We have seen in a previous post what are the common misconceptions in big data analytics, and how relevant it is starting looking at data with a goal in mind.
Even if I personally believe that posing the right question is 50% of what a good data scientist should do, there are alternative approaches that can be implemented. The main one that is often suggested, in particular from non-technical professionals, is the “let the data speak” approach: a sort of magic random data discovery that should spot valuable insights that a human analyst does not notice.
Well, the reality is that this a highly inefficient method: (random) data mining it is resource consuming and potentially value-destructive. The main reasons why data mining is often ineffective is that it is undertaken without any rationale, and this leads to common mistakes such as false positives; over-fitting; neglected spurious relations; sampling biases; causation-correlation reversal; wrong variables inclusion; or eventually model selection (Doornik and Hendry, 2015; Harford, 2014). We should especially pay specific attention to the causation-correlation problem, since observational data only take into account the second aspect. However, according to Varian (2013) the problem can be easily solved through experimentations.
Hence, I think that a hybrid approach is necessary. An intelligent data discovery process and exploratory analysis are valuable at the beginning to correctly frame the questions (“we don’t know what we don’t know” - Carter, 2011). Then, the question has to be addressed from several perspectives and using different methods, which sometimes may even bring some unexpected conclusion.
More formally, and in a similar fashion to Doornik and Hendry (2015), I think there are few relevant steps for analyzing the relationships in huge datasets. The problem formulation, obtained leveraging theoretical and practical considerations, tries to spot what relationships deserves to be deepened further. The identification step instead tries to include all the relevant variables and the effects to be accounted for, through both the (strictest) statistical methods as well as non-quantitative criteria, and verifies the quality and validity of available data. In the analytical step, all the possible models have to be dynamically and consistently tested with unbiased procedures, and the insights reached through the data interpretation have to be fed backward to improve (and maybe redesign) the problem formulation (Hendry and Doornik, 2014).
Those aspects can be incorporated into a lean approach, in order to reduce the time, effort, and costs associated to data collection, analysis, technological improvements, and ex-post measuring. The relevance of the framework lies in avoiding the extreme opposite situations, namely collecting all or no data at all. The next figure illustrates key steps towards this lean approach to big data: first of all, business processes have to be identified, as well as the analytical framework that should be used.
These two consecutive stages (business process definition and analytical framework identification) have a feedback loop, and the same is also true for the analytical framework identification and the dataset construction. This phase has to consider all the types of data, namely data at rest (static and inactively stored in a database); at motion (inconstantly stored in temporary memory); and in use (constantly updated and store in database).
The modeling step embeds the validation as well, while the process ends with the scalability implementation and the measurement. A feedback mechanism should prevent an internal stasis, feeding the business process with the outcomes of the analysis instead of improving continuously the model without any business response.
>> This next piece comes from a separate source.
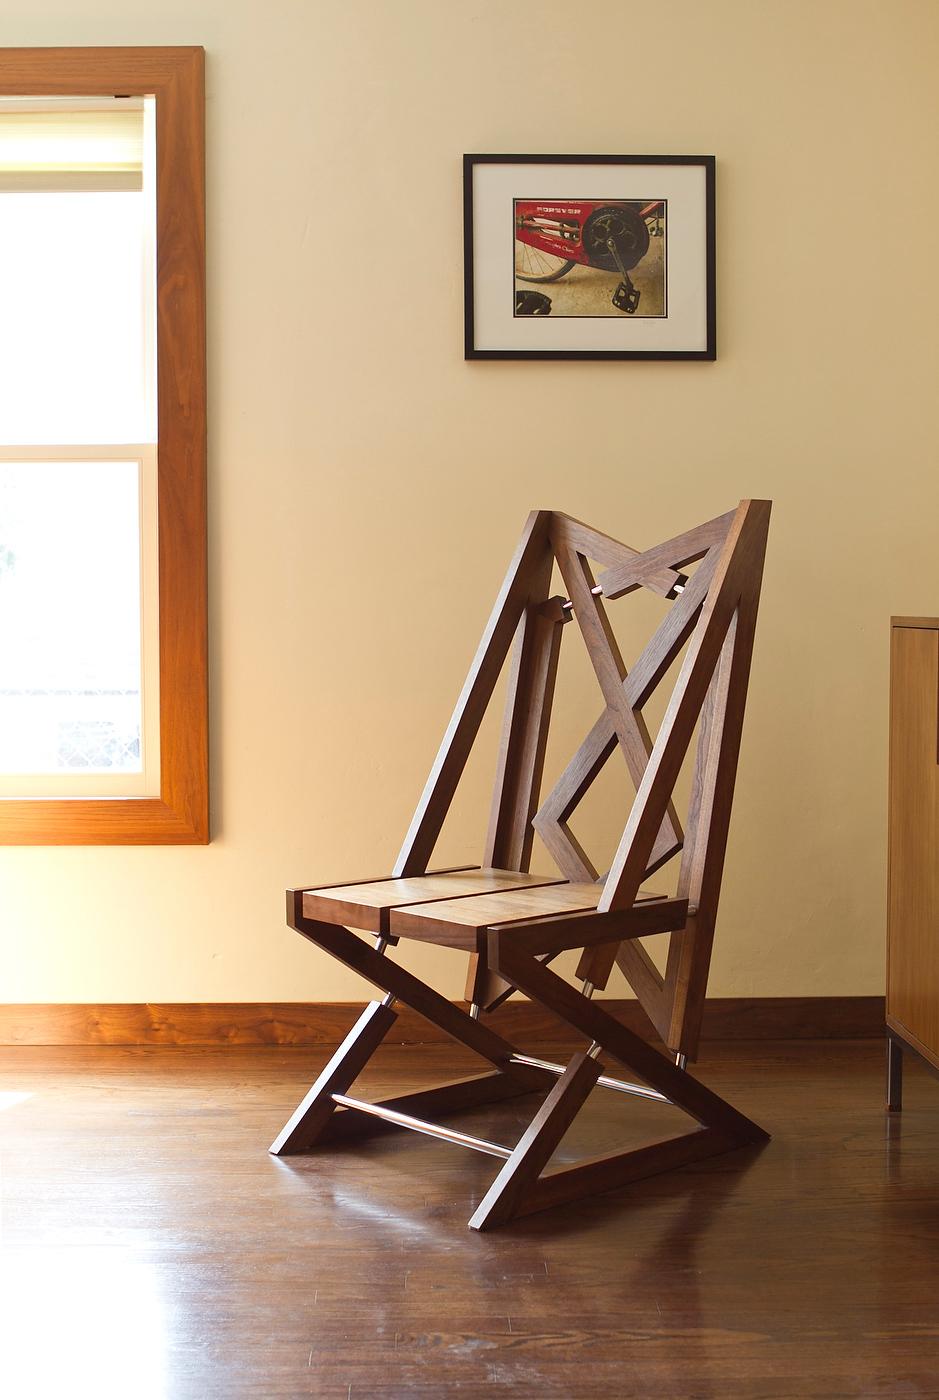 furniture-chair-thing-02.jpg

This approach is important because it highlights a basic aspect of big data innovation. Even if big data analytics is implemented with the idea of reducing world complexity, it actually provides multiple solutions to the same problem, and some of these solutions force us to rethink the question we posed in a first place.
All these considerations are valid both for personal project and companies’ data management. Working in a corporate context requires also further precautions, such as the creation of a solid internal data analytics procedure.
Data need to be consistently aggregated from different sources of information, and integrated with other systems and platforms; common reporting standards should be created - the so-called master copy - and any information should be validated to assess accuracy and completeness. Having a solid internal data management, together with a well-designed golden record, helps to solve the huge issue of stratified entrance: dysfunctional datasets resulting from different people augmenting the dataset at different moments or across different layers.
All the information here presented are not one-size-fits-all solutions, and should be carefully adapted to different situations, teams, and companies, but are in my opinion a good starting point to ponder over big data processes.
Carter, P. (2011). “Big data analytics: Future architectures, Skills and roadmaps for the CIO”. IDC White Paper. Retrieved from http://www.sas.com/resources/asset/BigDataAnalytics- FutureArchitectures-Skills-RoadmapsfortheCIO.pdf.
Doornik, J. A., & Hendry, D. F. (2015). “Statistical model selection with big data”. Cogent Economics & Finance, 3, 1045216.
Harford, T. (2014). “Big data: Are we making a big mistake?” Financial Times. Retrieved from http://www.ft.com/cms/s/2/21a6e7d8-b479-11e3-a09a-00144feabdc0.html#ixzz2xcdlP1zZ.
Hendry, D. F., & Doornik, J. A. (2014). Empirical model discovery and theory evaluation. Cambridge, Mass.: MIT Press.
Varian, H. (2013). “Beyond big data”. NABE annual meeting. San Francisco, CA, September 10th, 2013.
Note: the above is an adapted excerpt from the forthcoming book “Big Data Analytics: A Management Perspective” (Springer, 2016).